The data must be given again exactly as written, with all images omitted.

* **MATERIAL PROVIDED**:
--------------------------------------------------
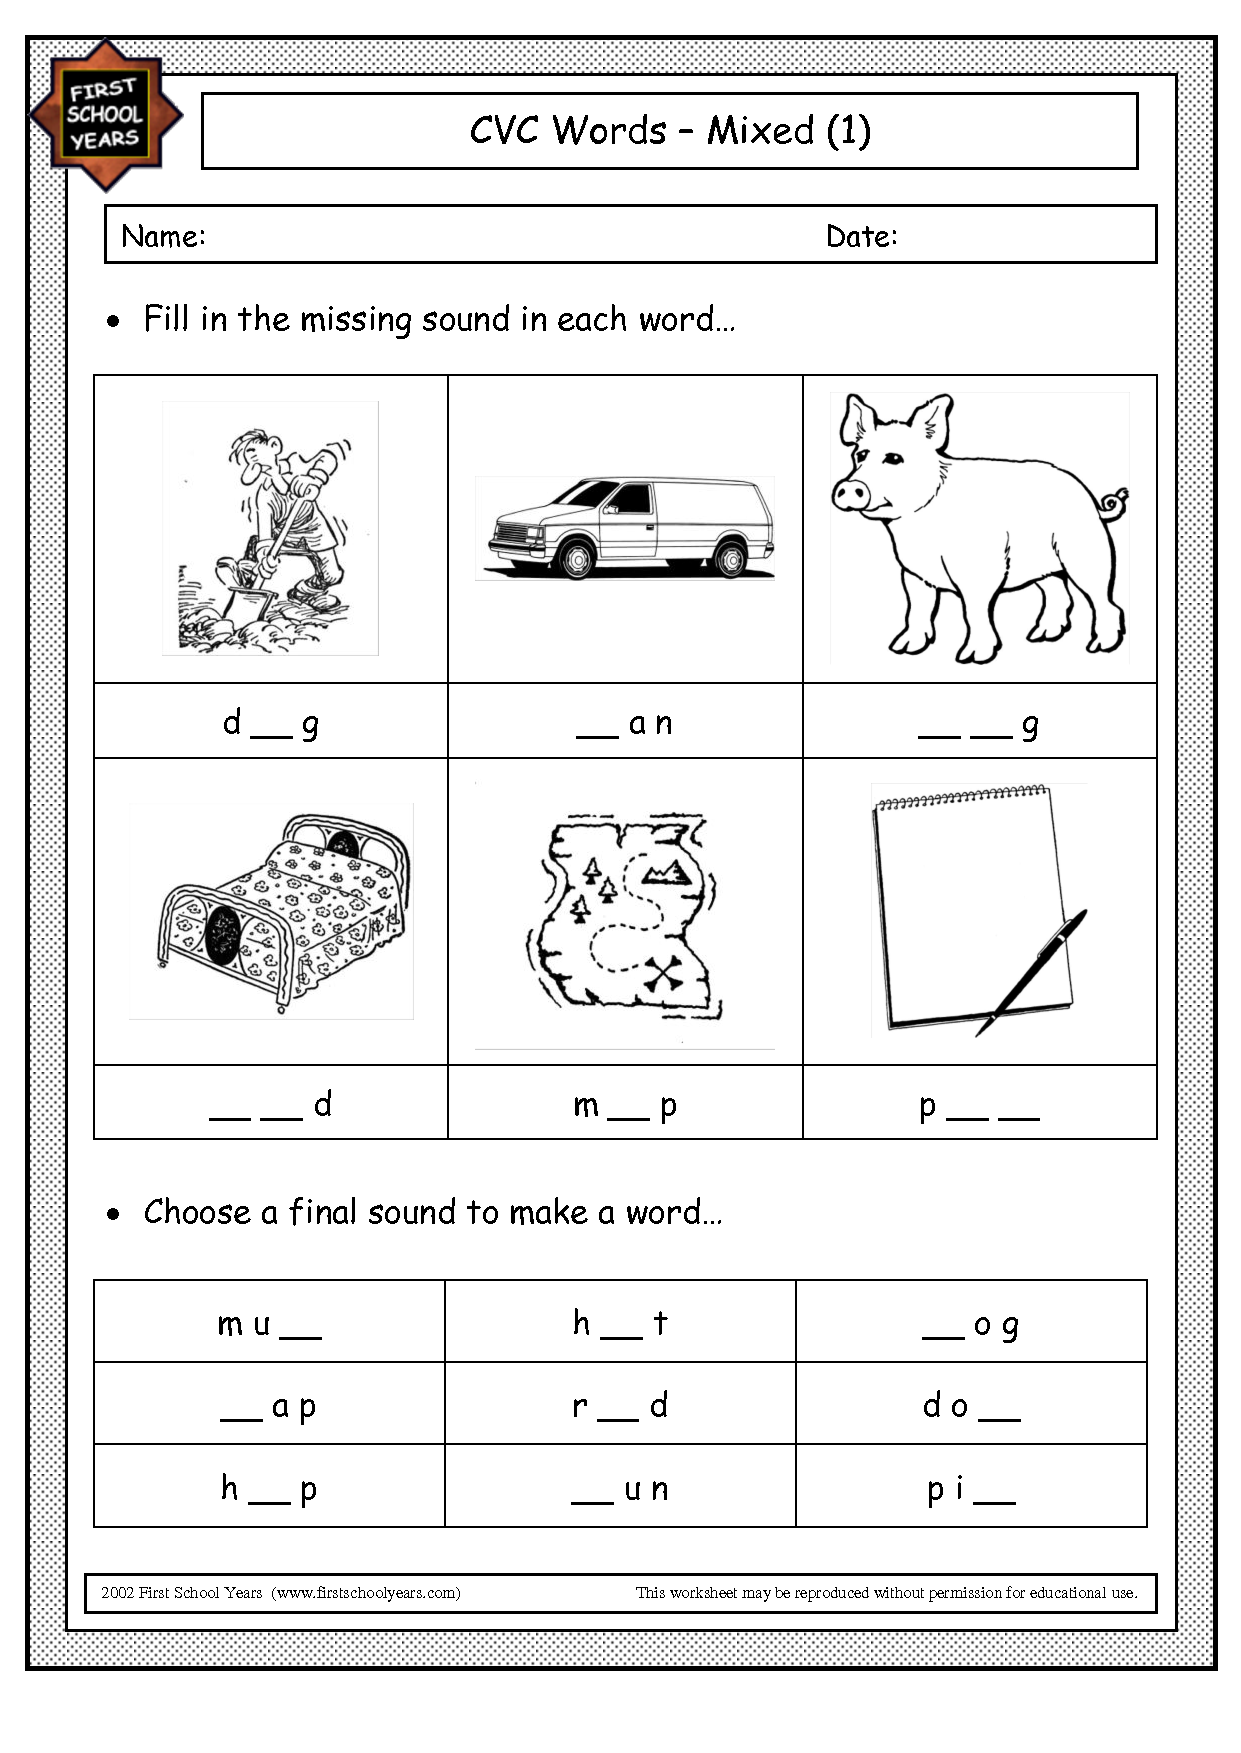 cvc-words-tracing-worksheets-alphabetworksheetsfreecom-15
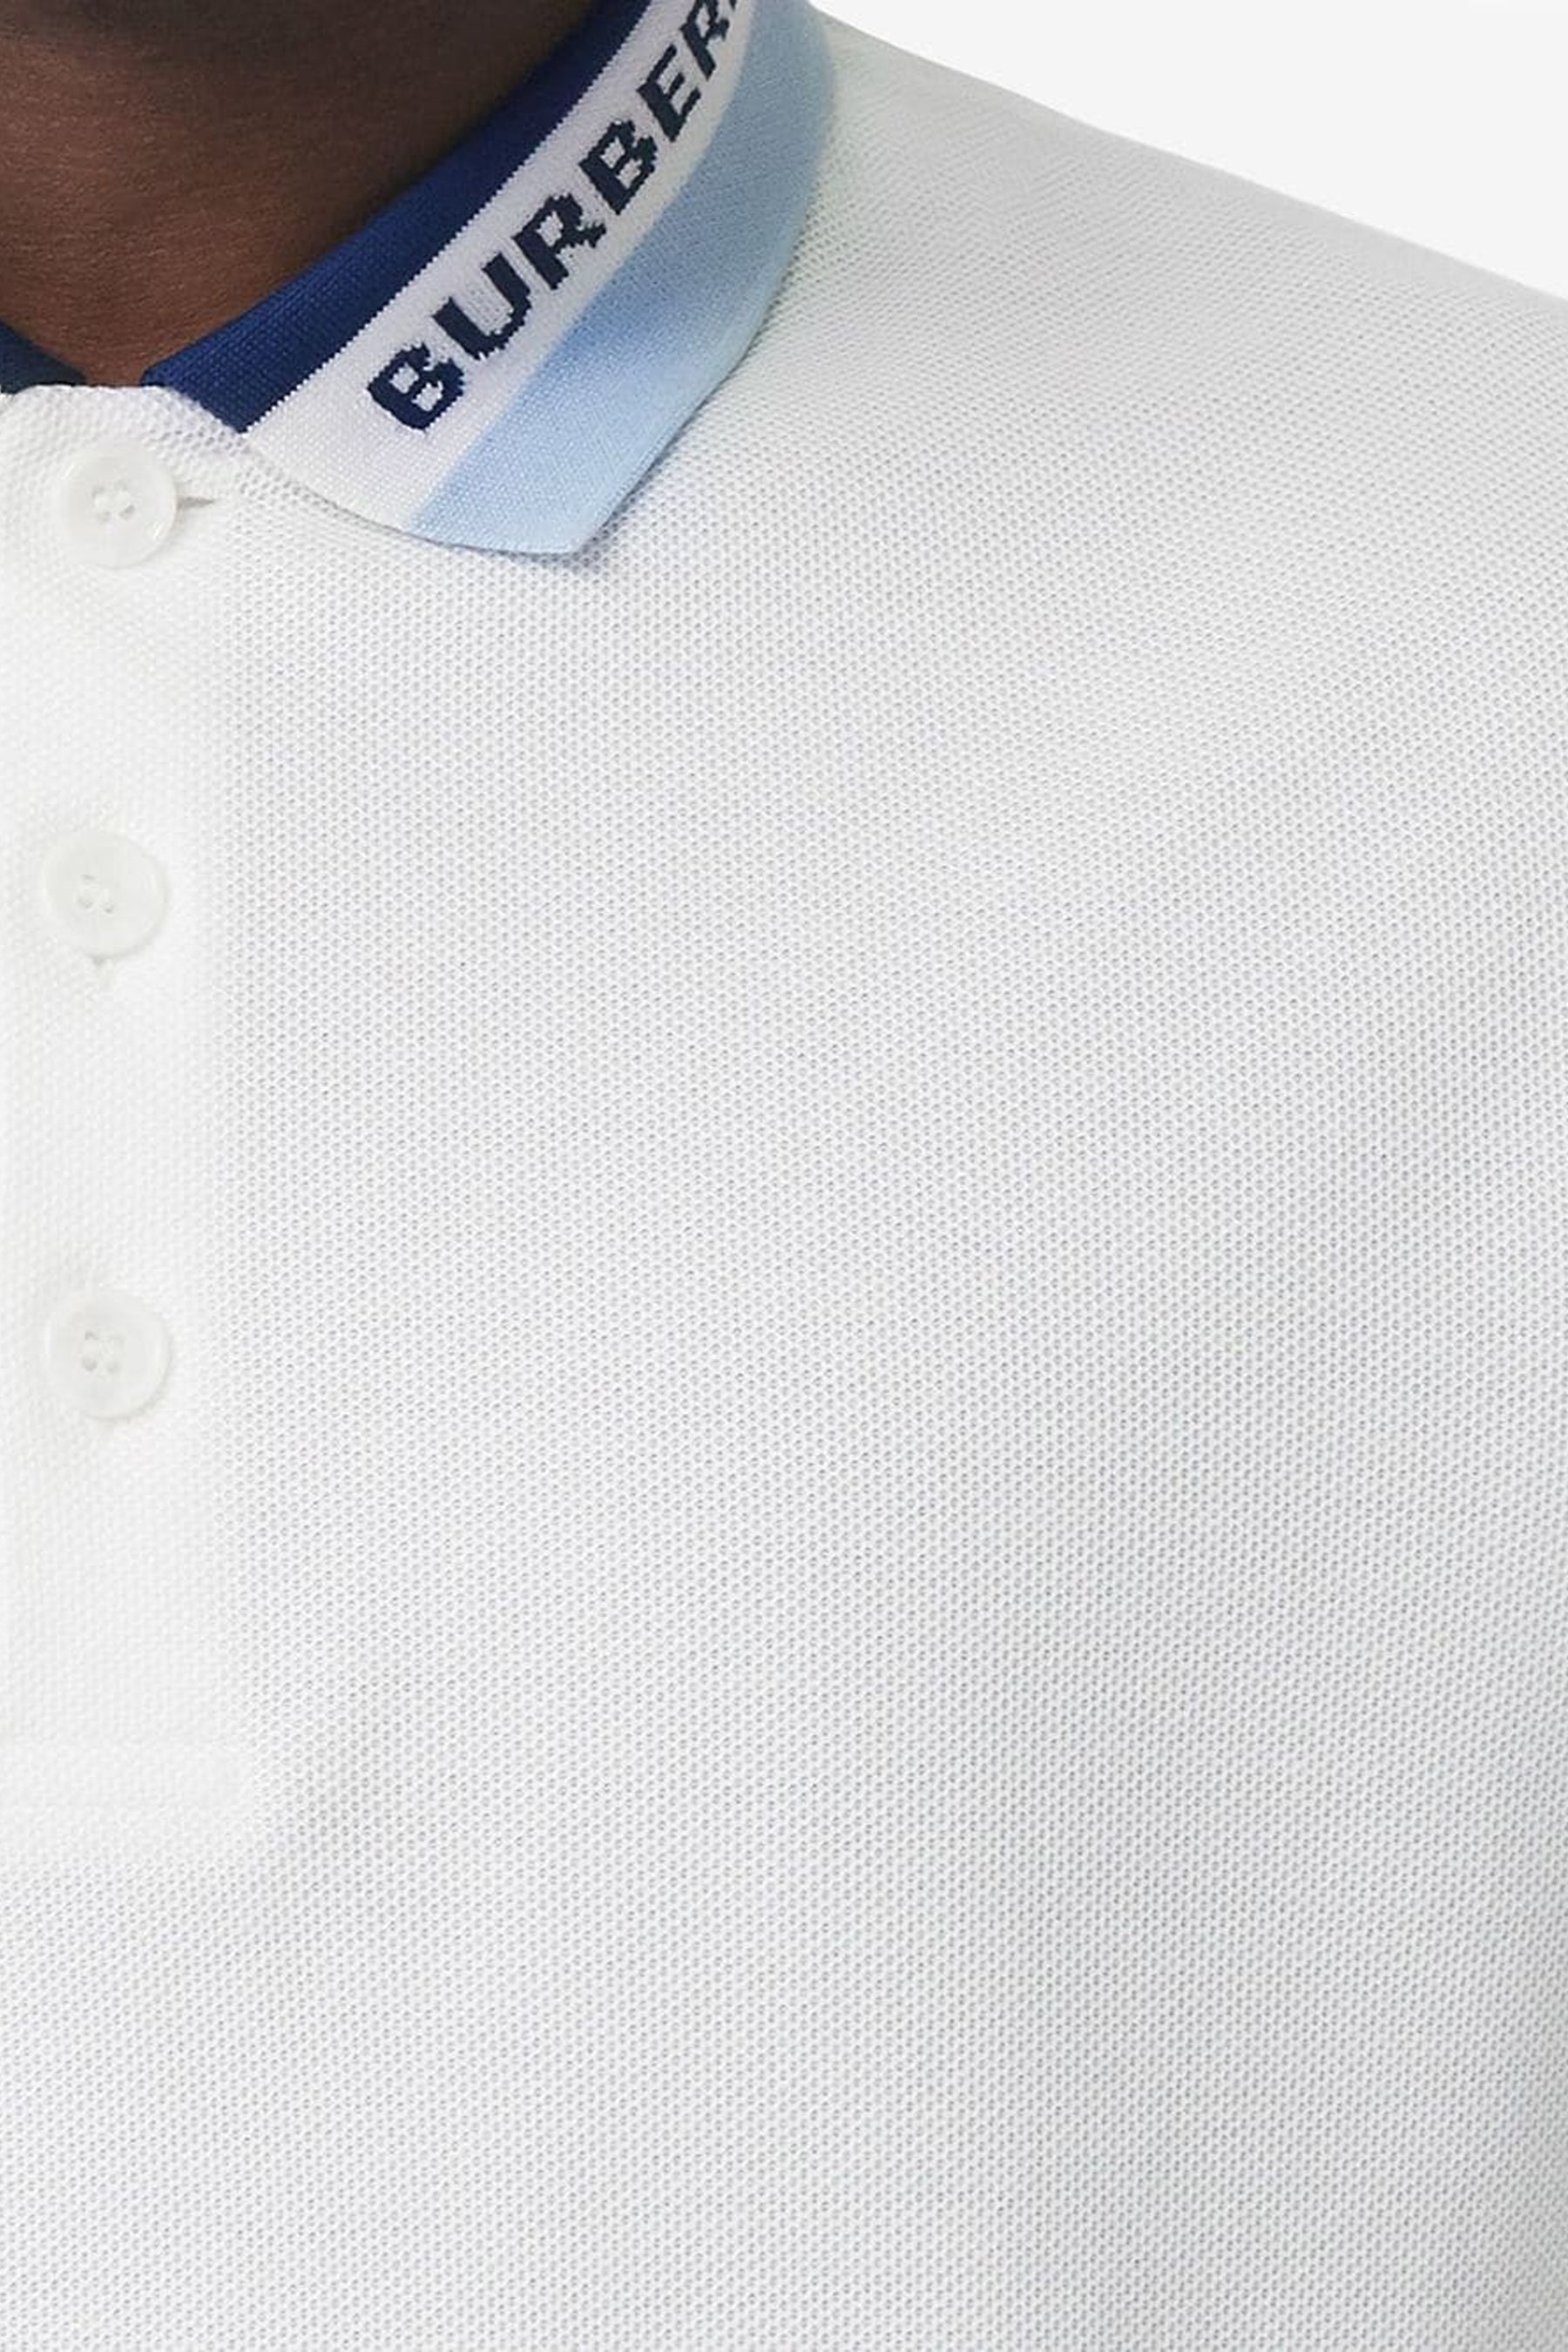 Burberry contrast-collar polo shirt
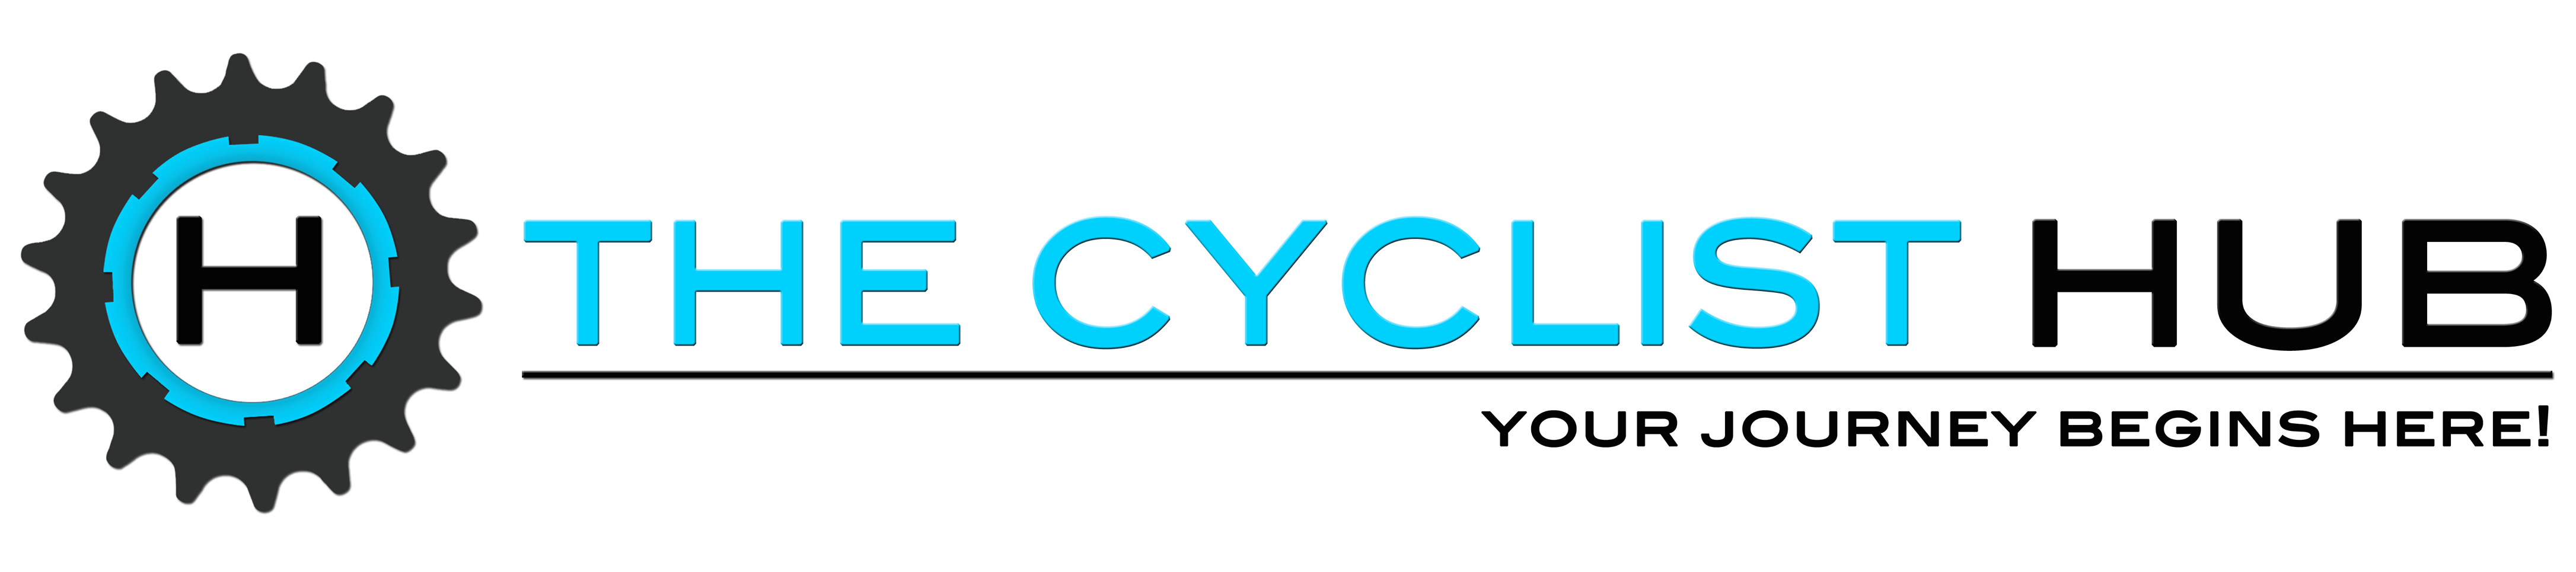 The Cyclist Hub Logo
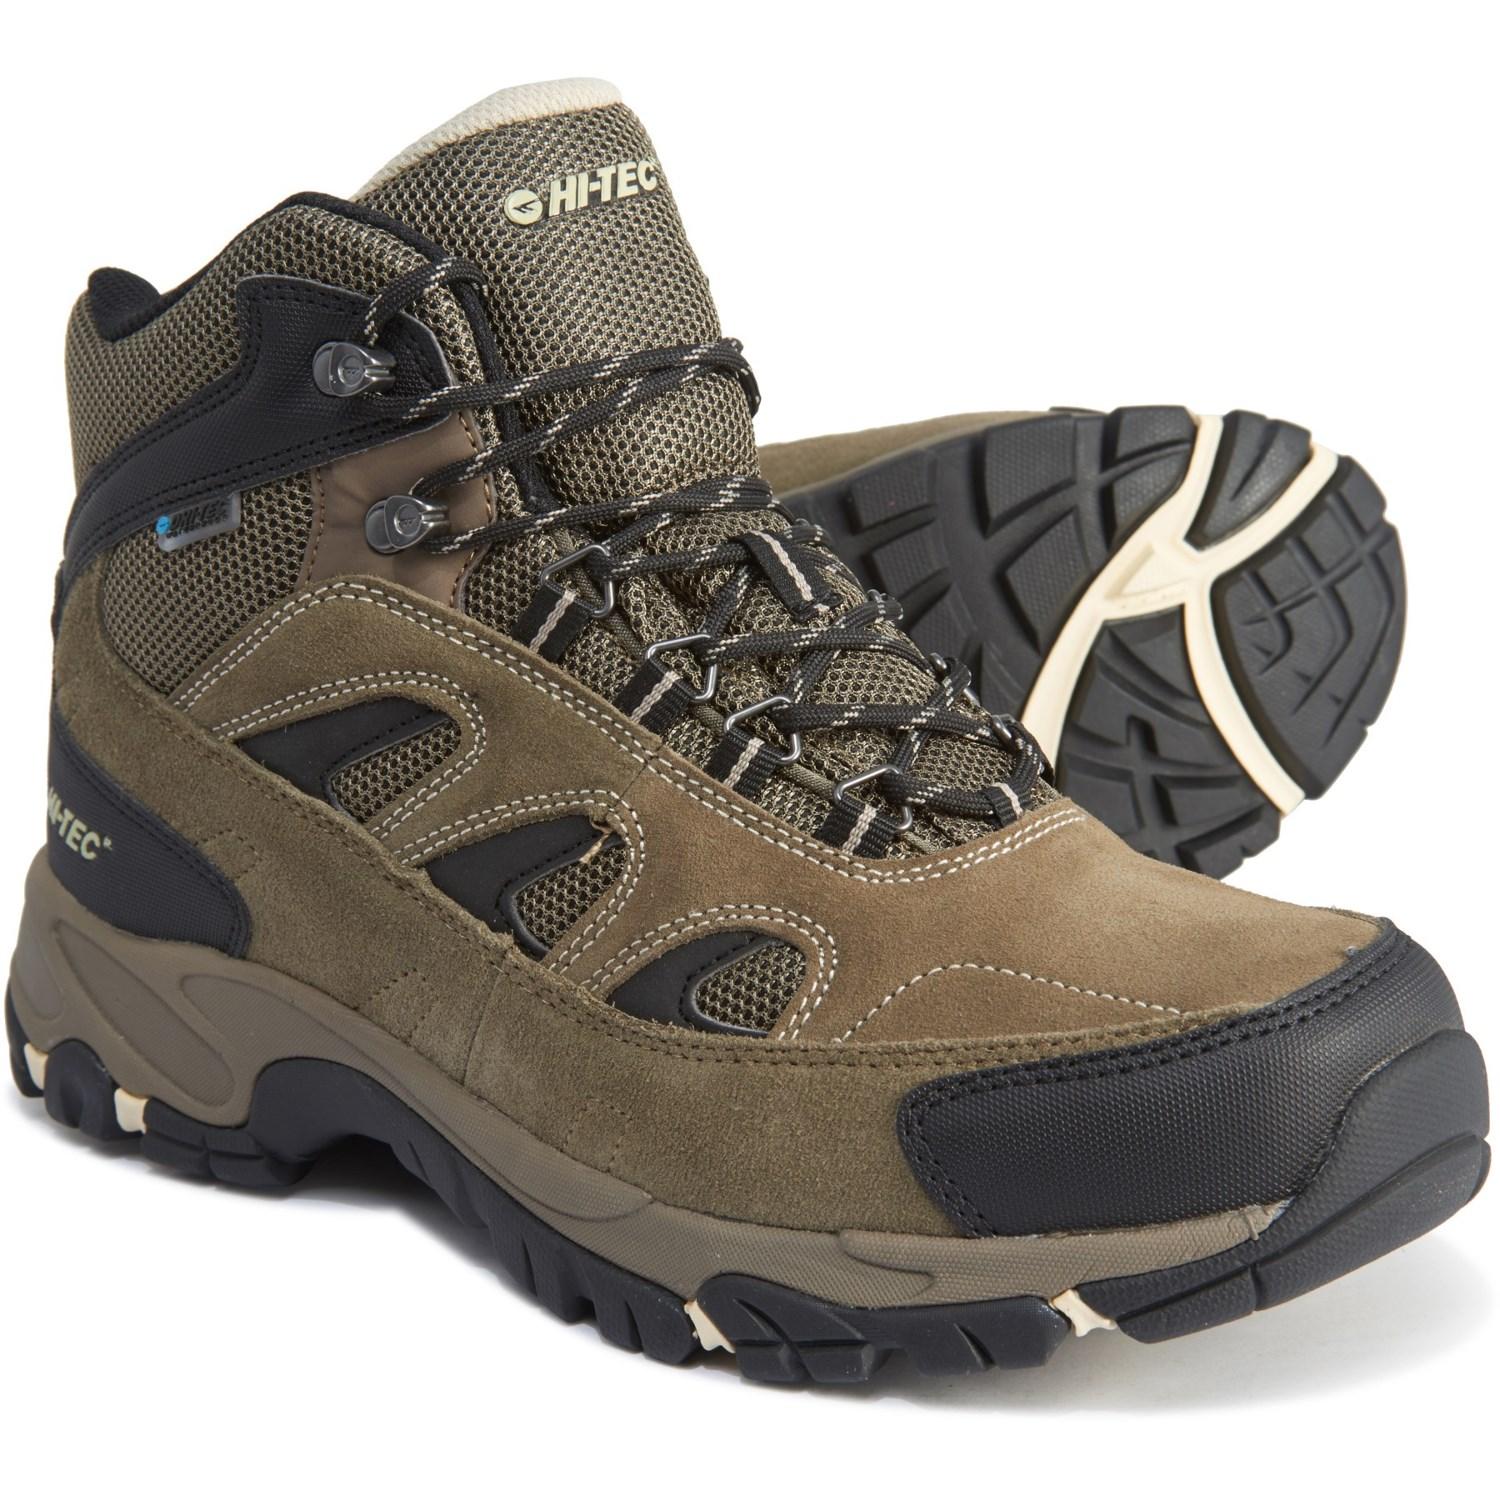 Hi-Tec Men's Ramsey Waterproof Mid-Top Leather Hiking Boot
--------------------------------------------------
* **ANSWER SPACE**:
 cvc-words-tracing-worksheets-alphabetworksheetsfreecom-15
 Burberry contrast-collar polo shirt
 The Cyclist Hub Logo
 Hi-Tec Men's Ramsey Waterproof Mid-Top Leather Hiking Boot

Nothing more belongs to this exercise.